Cyltezo, the drug in the pen, is an interchangeable biosimilar to AbbVie’s Humira and which has been approved by the FDA for the treatment of multiple chronic inflammatory diseases
Boehringer Ingelheim secures FDA approval for Cyltezo Pen. (Credit: G.Garitan/Wikimedia Commons)
Boehringer Ingelheim has secured approval for the Cyltezo Pen from the US Food and Drug Administration (FDA) as a new autoinjector option for Cyltezo (adalimumab-adbm).
Cyltezo is an interchangeable biosimilar to AbbVie’s Humira (adalimumab). It has been approved by the FDA for the treatment of multiple chronic inflammatory diseases.
The US health regulator had approved it initially as a pre-filled syringe.
Boehringer Ingelheim will commercially launch the 40 mg/0.8 mL pre-filled Cyltezo Pen in options of two-, four- and six-packs on 1 July 2023.

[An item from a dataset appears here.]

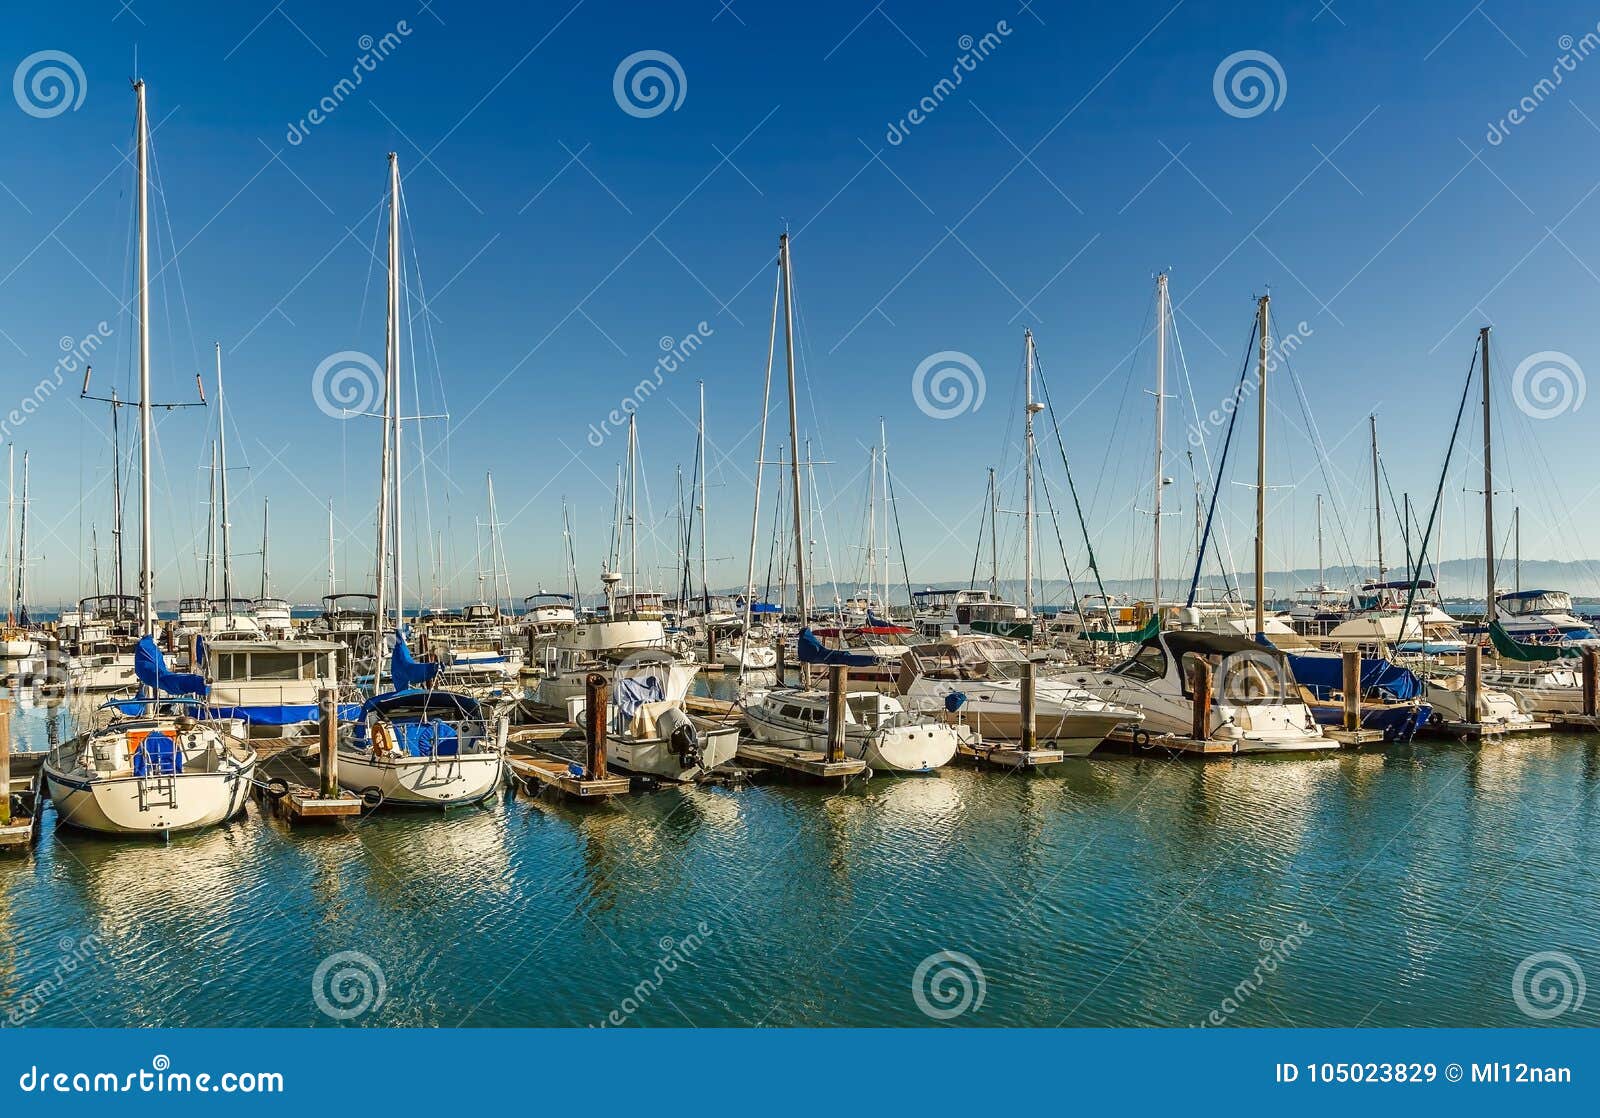 Marina at San Francisco Bay Stock Image - Image of peaceful, hills ...

Boehringer Ingelheim executive director and biosimilar commercial lead Stephen Pagnotta said: “The FDA approval of the Cyltezo Pen is great news for patients living with chronic inflammatory diseases who may prefer administering the medication needed to manage their conditions via an autoinjector.
“We’re excited to be able to offer the Cyltezo Pen as an additional option to patients at Cyltezo’s launch on July 1.”

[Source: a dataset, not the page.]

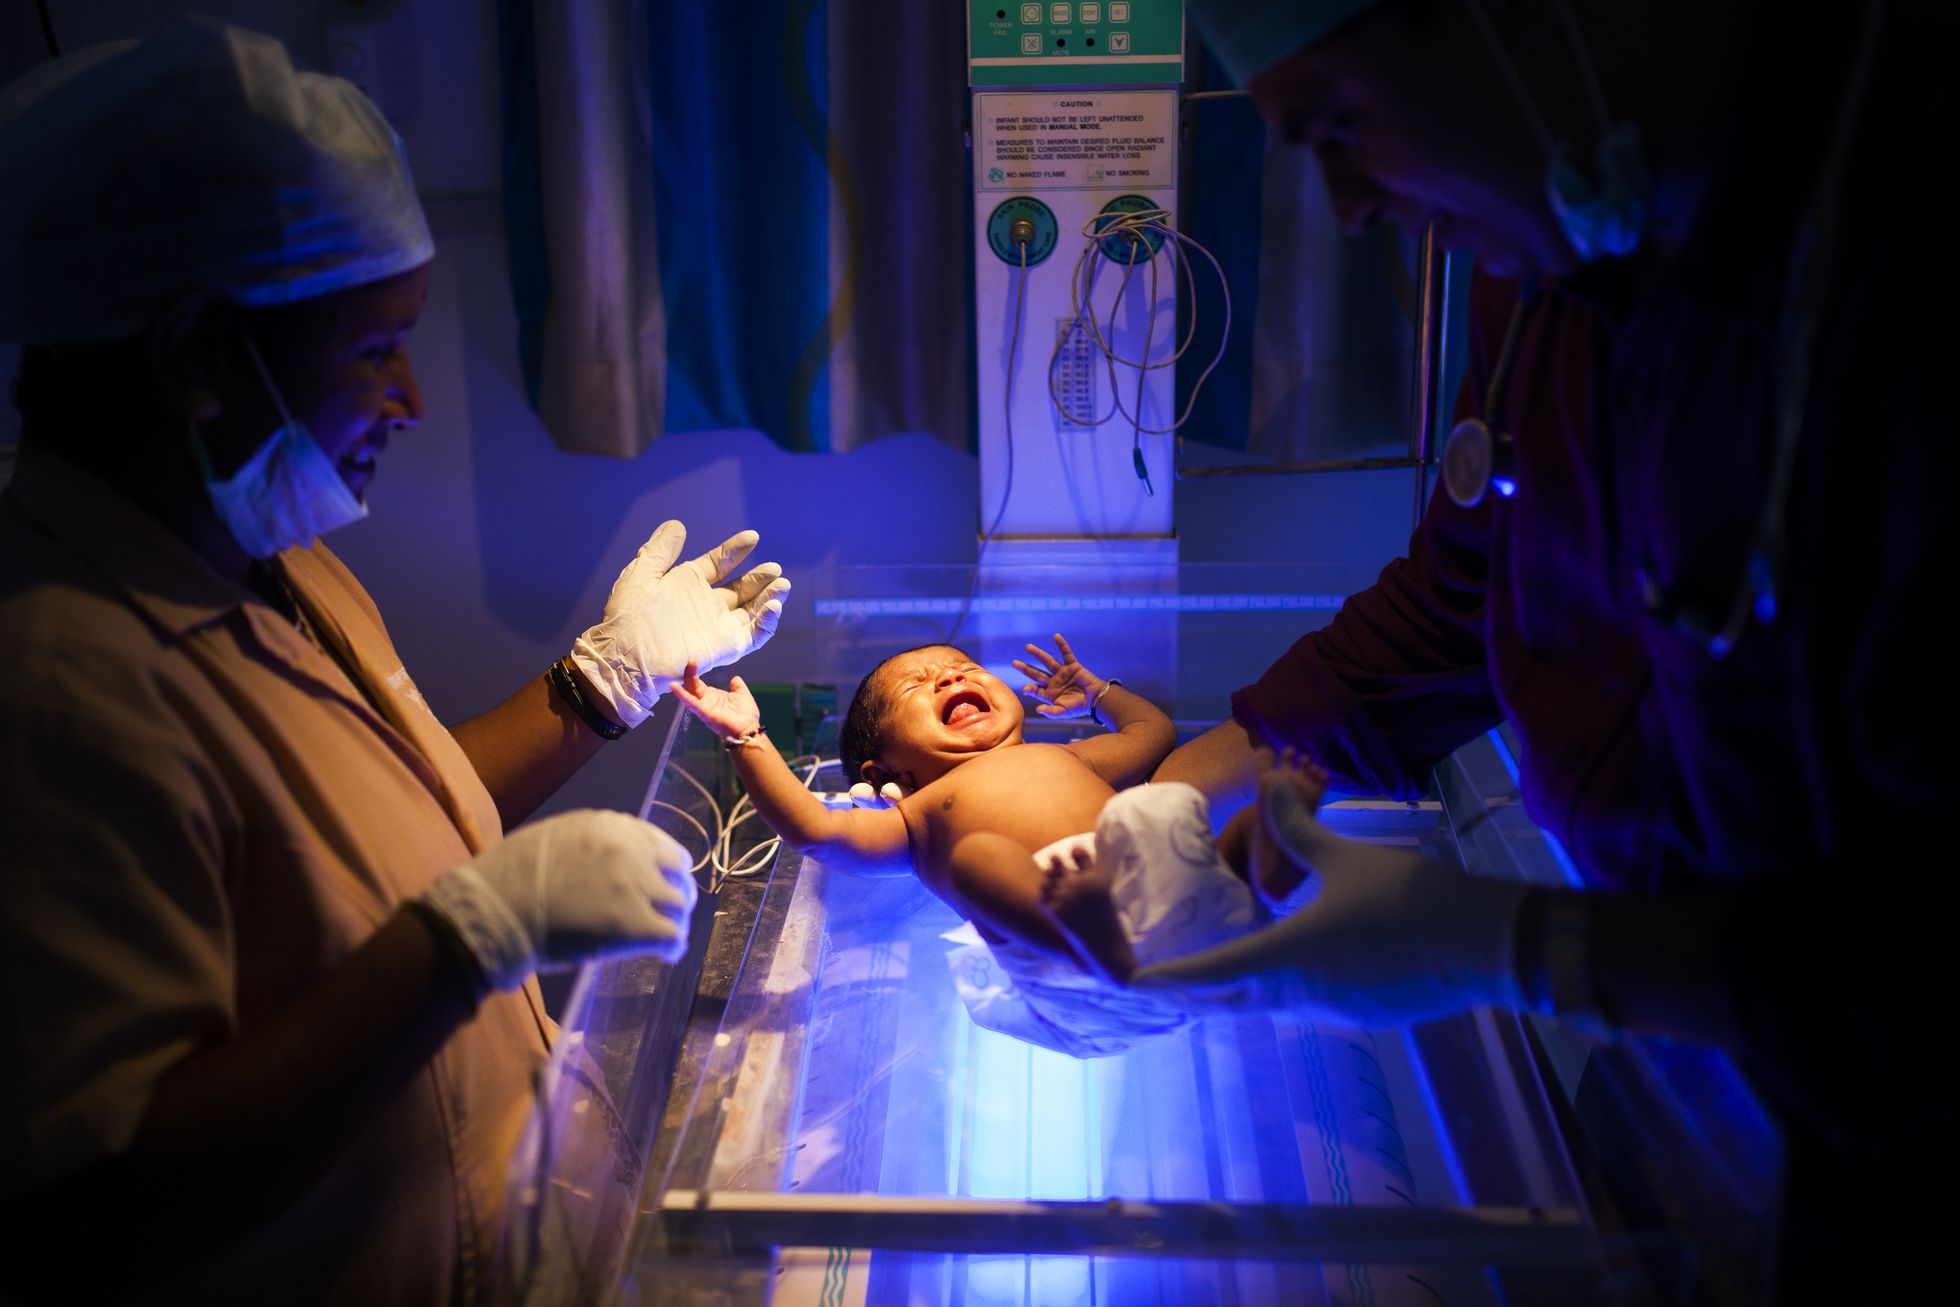 El doctor Rakh y una enfermera examinan a una niña recién nacida que llora en la incubadora.

The pen is said to have a patient-centered design and comes with a one-button, three-step activation. It provides 100% visibility of the drug and comes with a protected needle, said Boehringer Ingelheim.

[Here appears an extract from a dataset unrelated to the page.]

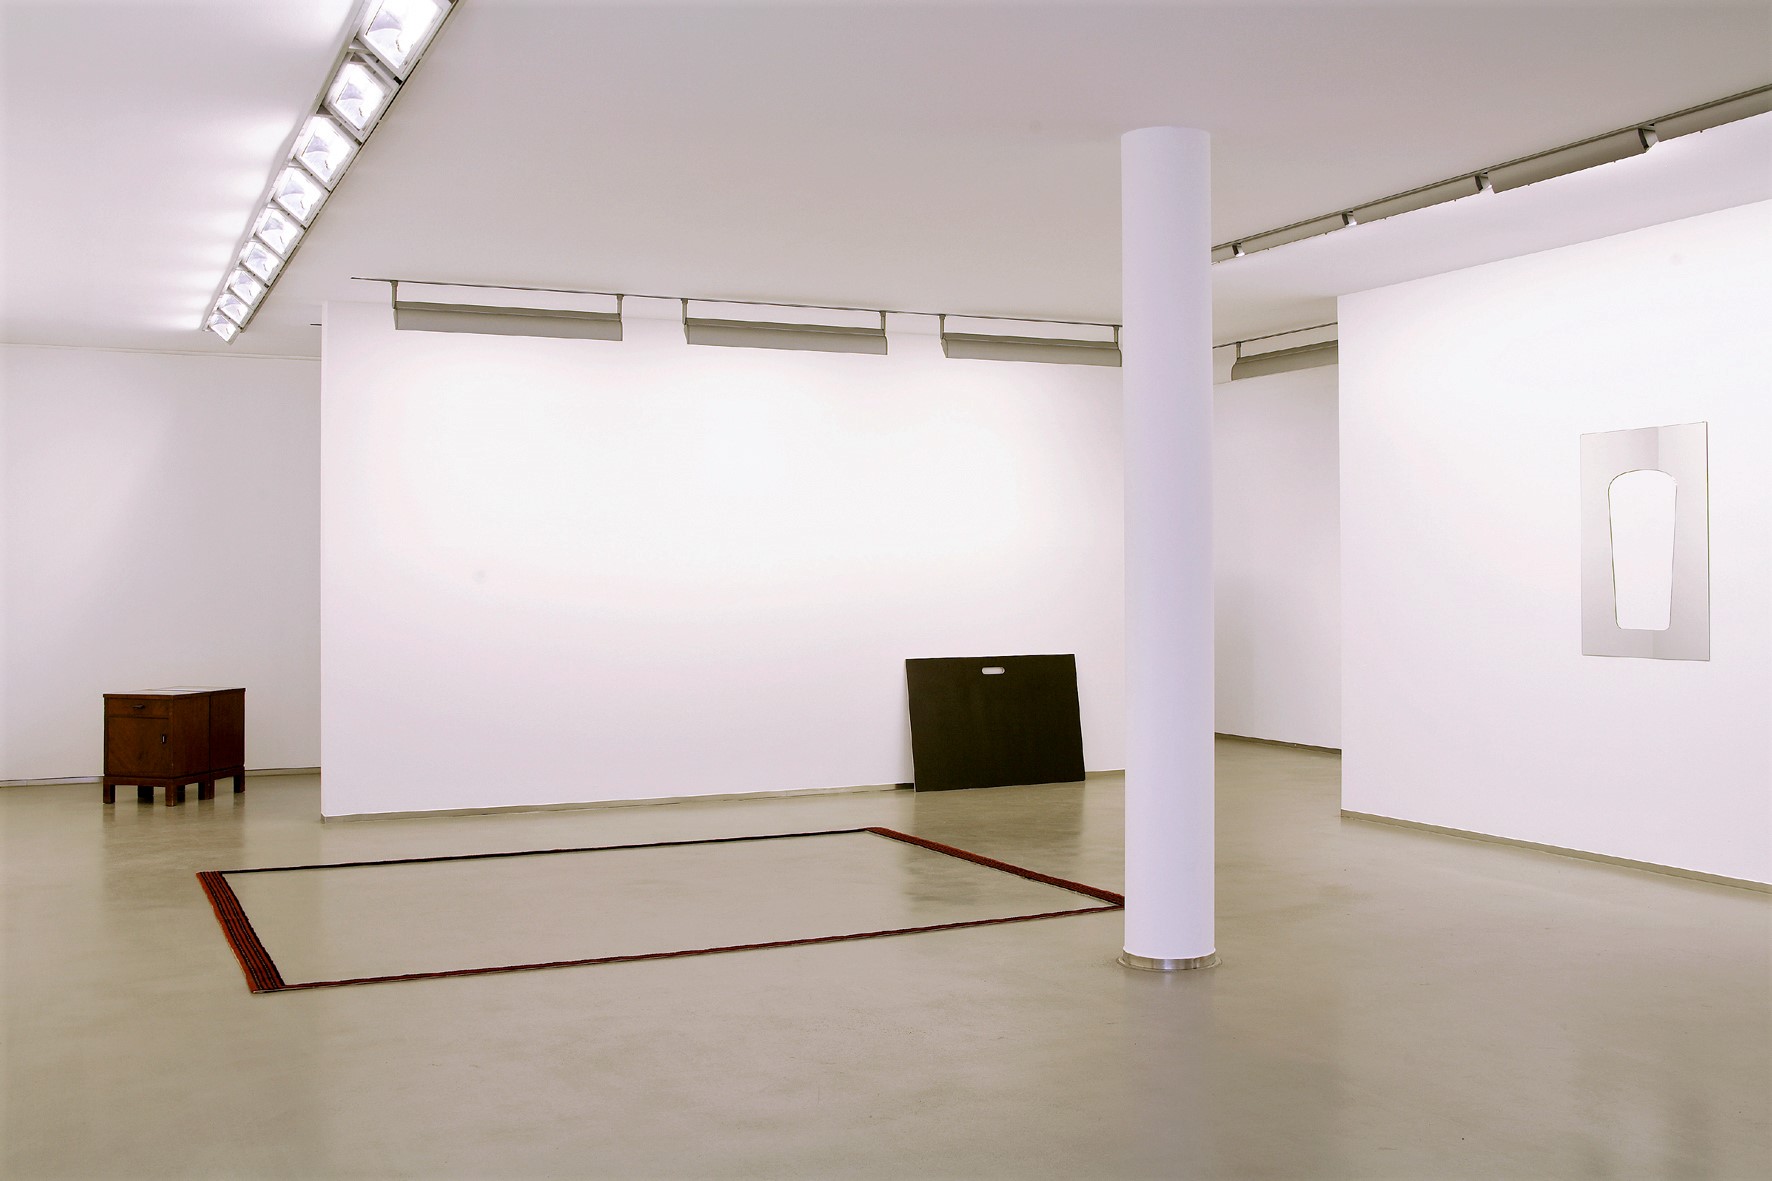 Anna Kolodziejska, Exhibition view, 2006

According to the Germany-based pharmaceutical company, the Cyltezo Pen has been certified as an “Ease of Use” product by The Arthritis Foundation.
Cyltezo injection is indicated for subcutaneous use to reduce signs and symptoms of rheumatoid arthritis, juvenile idiopathic arthritis, psoriatic arthritis, and ankylosing spondylitis. It is also approved for the treatment of moderately to severely active Crohn’s disease, ulcerative colitis, plaque psoriasis, and hidradenitis suppurativa.